Хотя у Фронтона нет ни малейшего доказательства, он уверен, что за этим Нероном-Теренцием тоже скрывается Варрон. С того момента, как он впервые услышал о появлении погибшего цезаря, он почувствовал за ним Варрона. Он знает сенатора с юных лет. Они вместе прибыли на Восток, вместе опьянялись тем новым и великим, что дала им эта страна. Теперь они во враждебных лагерях. Он, Фронтон, представляет в Эдессе трезвую милитаристскую политику Флавиев, Варрон тысячами тайных путей продолжает смелую, запретную политику Нерона. Фронтон завидует Варрону и восхищается его дерзостью, его страстностью, его энергией, хотя рассудком его не оправдывает. В официальных отношениях с Варроном он обнаруживает сдержанность, с какой офицеру Флавиев и подобает относиться к такому двусмысленному человеку. Но при всяком удобном случае дает Варрону почувствовать, что по-прежнему питает к нему глубочайший интерес. Кроме того, он не может отказать себе в том, чтобы по-своему – сдержанно, благовоспитанно, но очень явно – не ухаживать за дочерью Варрона, строгой белолицей Марцией. Он не знает, да и не хочет знать, в какой мере его интерес к Марции существует сам по себе и в какой служит только предлогом быть поближе к Варрону. Для него ясно, что в этом краю Варрон – человек, самый близкий ему, Фронтону. Он одержимый, этот Варрон, и добром не кончит. Если его смелый замысел удастся, то для Фронтона это будет осуждением, вечным упреком, ядом, который отравит ему старость. Тем не менее в глубине души он относится к Варрону дружелюбно. Он ждет результатов политики Варрона, ждет неизбежной плачевной развязки с жгучим нетерпением, к которому, неизвестно почему, примешиваются тоска и страх.

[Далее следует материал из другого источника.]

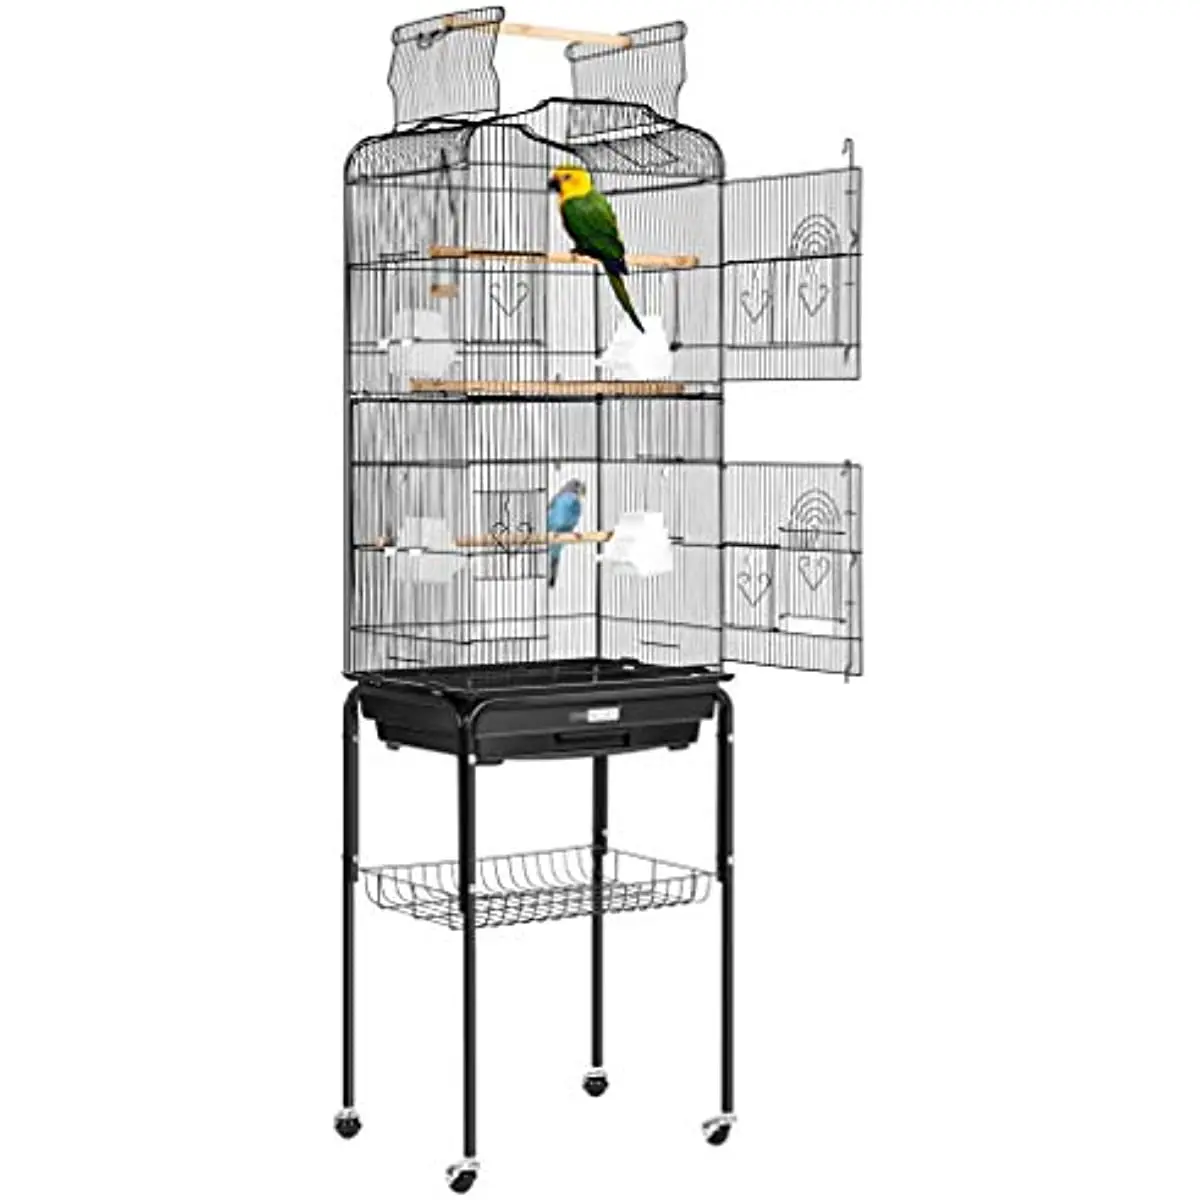 

59.8 Inch Wrought Iron Bird Cage with Play Top and Rolling Stand for Parrots Conures Lovebird Cockatiel Parakeets Black
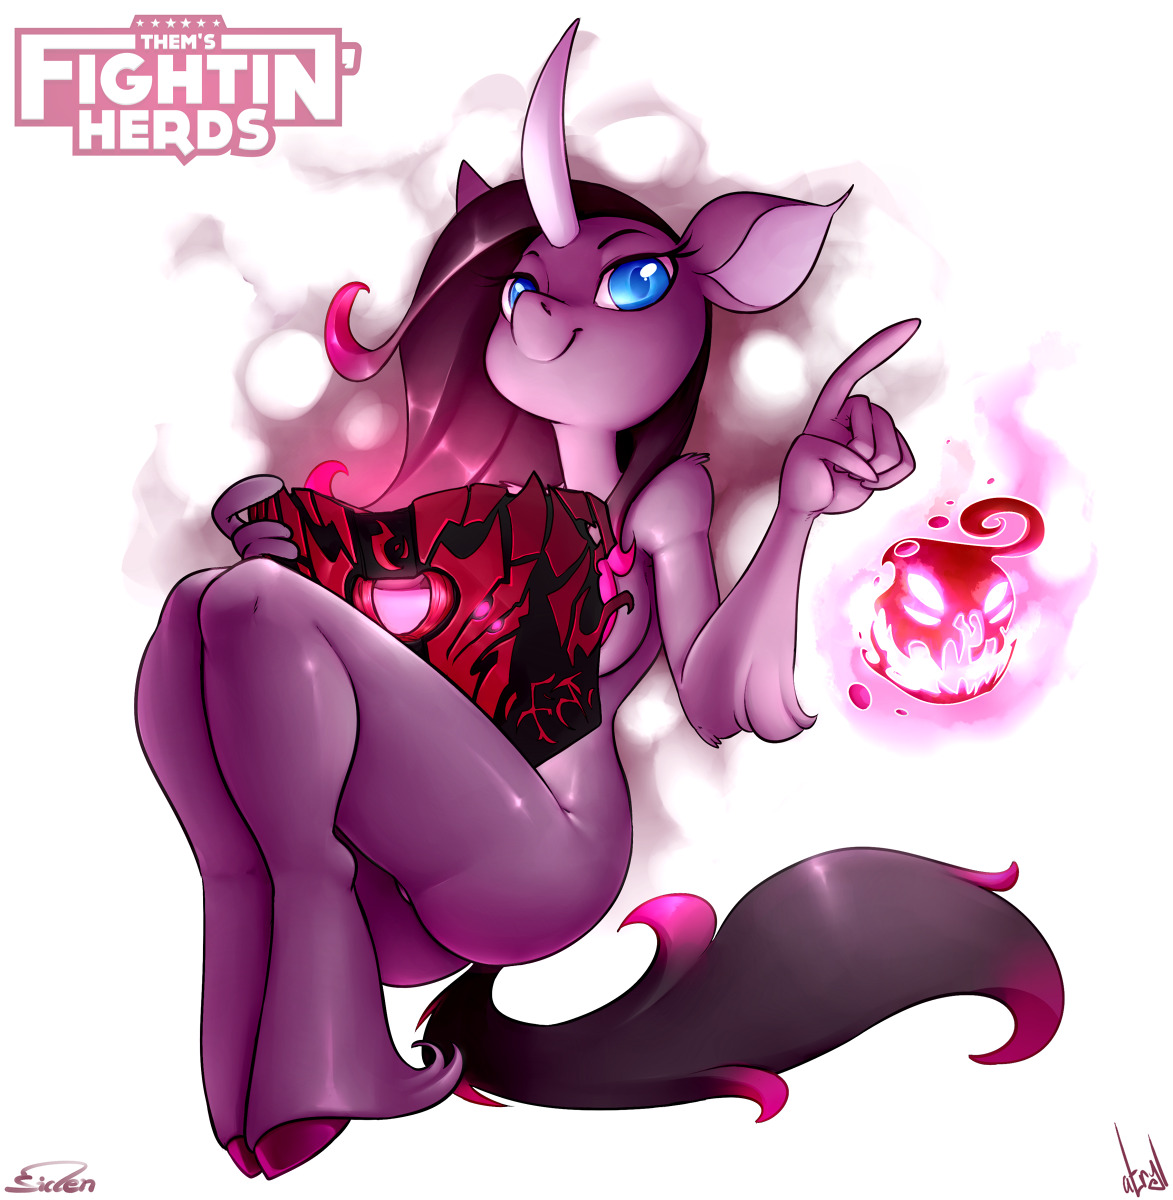 Oleander - Them’s Fightin’ HerdsThe daily TFH collab update we did with the wonderfully

Быть может, появление «Нерона» будет способствовать этой развязке? Фронтон мог бы тоже способствовать ей, ускорить ее или замедлить. Было бы соблазнительно показать это тому или другому – Дергунчику или Варрону. Но нет, он ничего не предпримет против Варрона. Варрон – славный человек, он любит Варрона. Он предоставит судьбе доказать, что ведь в конечном счете прав был он, Фронтон, и не прав сенатор.
Итак, он воздержится от выступления против «Нерона».
Но не рискованно ли бездействовать? Не упрекнут ли его за это в Антиохии или Риме? Нет. Наказуемого деяния горшечник Теренций не совершил. Его ли вина, что другим померещилось, будто они видят покойного императора? Кроме того, Теренций, как и его патрон, не только римский подданный, но и гражданин Эдессы. Надо иметь точные, неопровержимые улики, прежде чем принимать против него меры. Со злой усмешкой Фронтон вспоминает «первый наказ» Флавиев, их напутствие уезжающим офицерам: в сомнительном случае лучше воздержаться, чем сделать ложный шаг.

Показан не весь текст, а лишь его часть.